[2320] in cryptography@c2.net mail archive
Re: fastest blowfish.asm?
daemon@ATHENA.MIT.EDU (Eric Young)
Mon Mar 23 15:23:58 1998
Date: Mon, 23 Mar 1998 10:05:31 +1000 (EST)
From: Eric Young <eay@cryptsoft.com>
Reply-To: Eric Young <eay@cryptsoft.com>
To: Adam Back <aba@dcs.ex.ac.uk>
cc: cryptography@c2.net
In-Reply-To: <199803210122.BAA00257@server.eternity.org>
On Sat, 21 Mar 1998, Adam Back wrote:
> I have looked at two assembler implementations [1], [2] so far, and MS
> VC++ 5 and GCC beat both of them!
>
> Neither of the sources do anything about instruction scheduling to
> keep both execution units busy on the pentium.
>
> I should note that I am not using an Intel CPU, but an AMD k6 233
> clone, which may or may not influence effectiveness of scheduling
> tricks. Anyone know/done experiments on this?
>
> Adam
>
> [1] Eric Young's blowfish from SSLeay-0.8.1 also available separately
> as libbf-0.7.2m.tar.gz
I've changed things since then. I have near optimal for pentium and some
different code that is faster on ppro/pen2. (libbf-0.8.2b.tar.gz).
I got hold of a version of VTune and use it quite a bit now :-).
The fact that you are using an AMD k6 233 is a rather key point.
>From the readme in the current distribution
There are blowfish assembler generation scripts.
bf-586.pl version is for the pentium and
bf-686.pl is my original version, which is faster on the pentium pro.
When using a bf-586.pl, the pentium pro/II is %8 slower than using
bf-686.pl.
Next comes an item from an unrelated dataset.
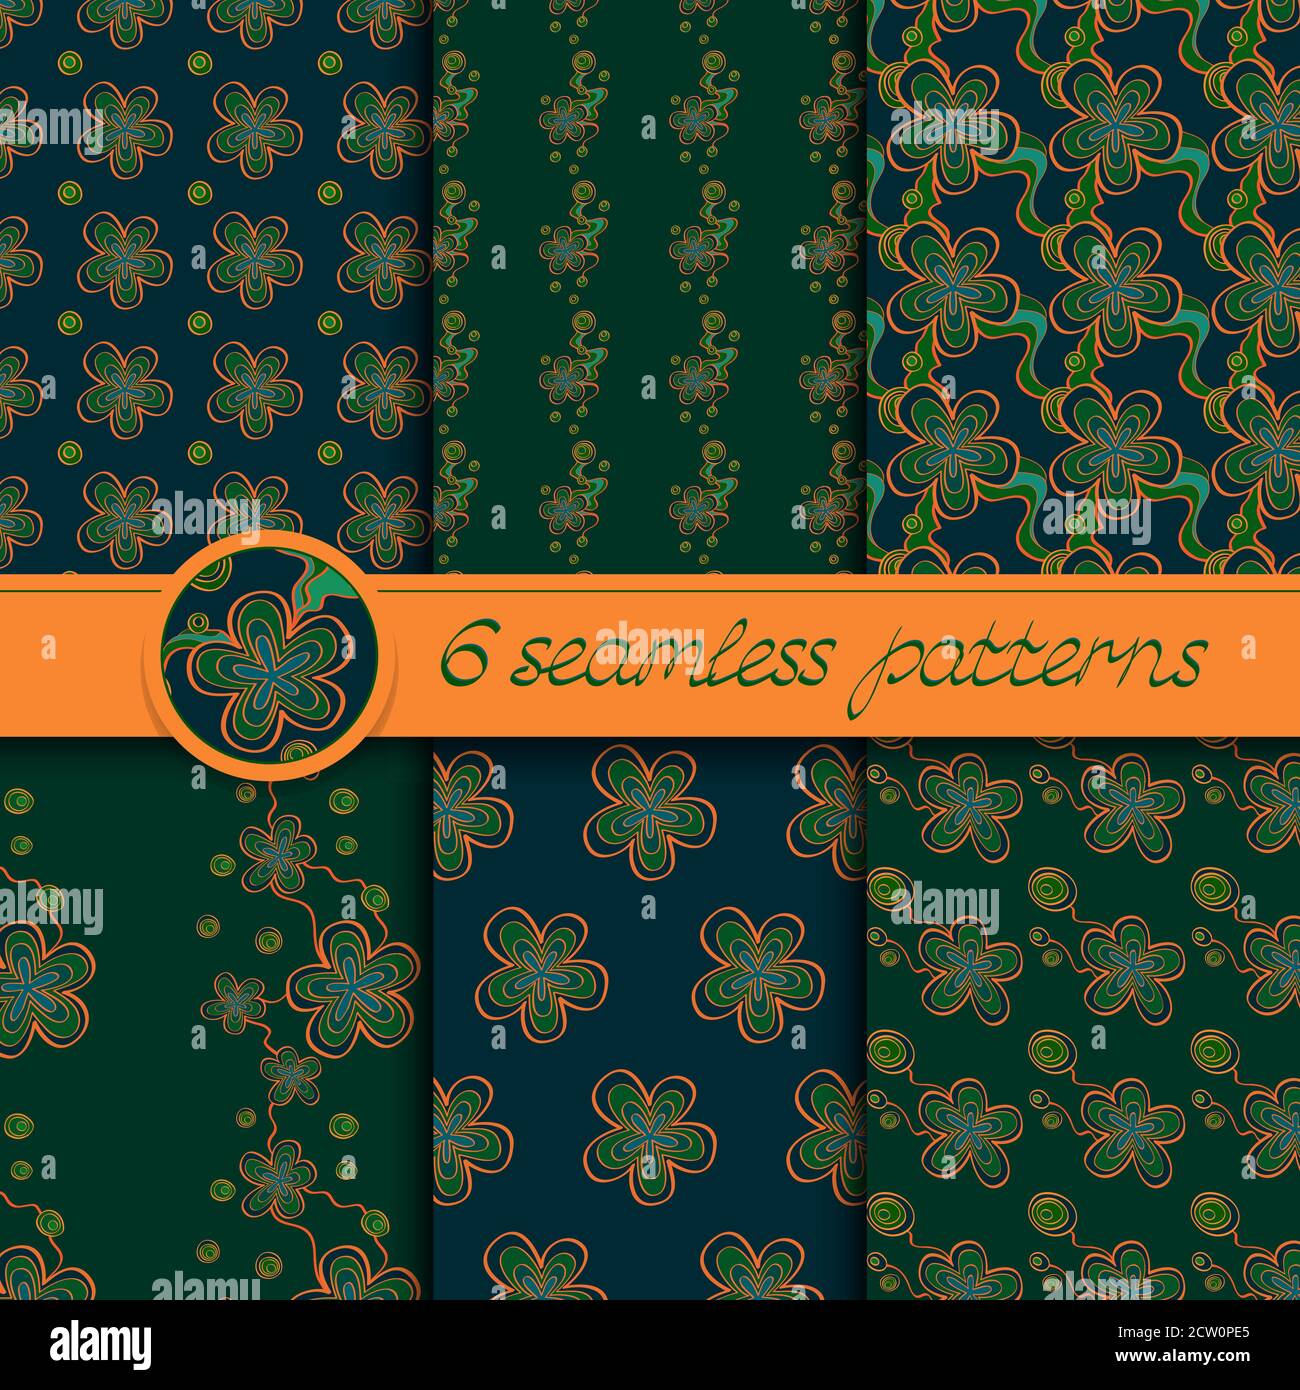 Serie vettoriale di motivi senza cuciture con elementi floreali. Raccolta di motivi in verde e arancione. Illustrazione Vettoriale

When using a bf-686.pl, the pentium is %16 slower
than bf-586.pl
So the default is bf-586.pl
Depending on the CPU, the difference in scheduling is rather critical.
The main reason I have blowfish assember is for the gcc based unix boxes,
where the code generated is rather crappy.
Visual C 5 is a nice compiler :-)
eric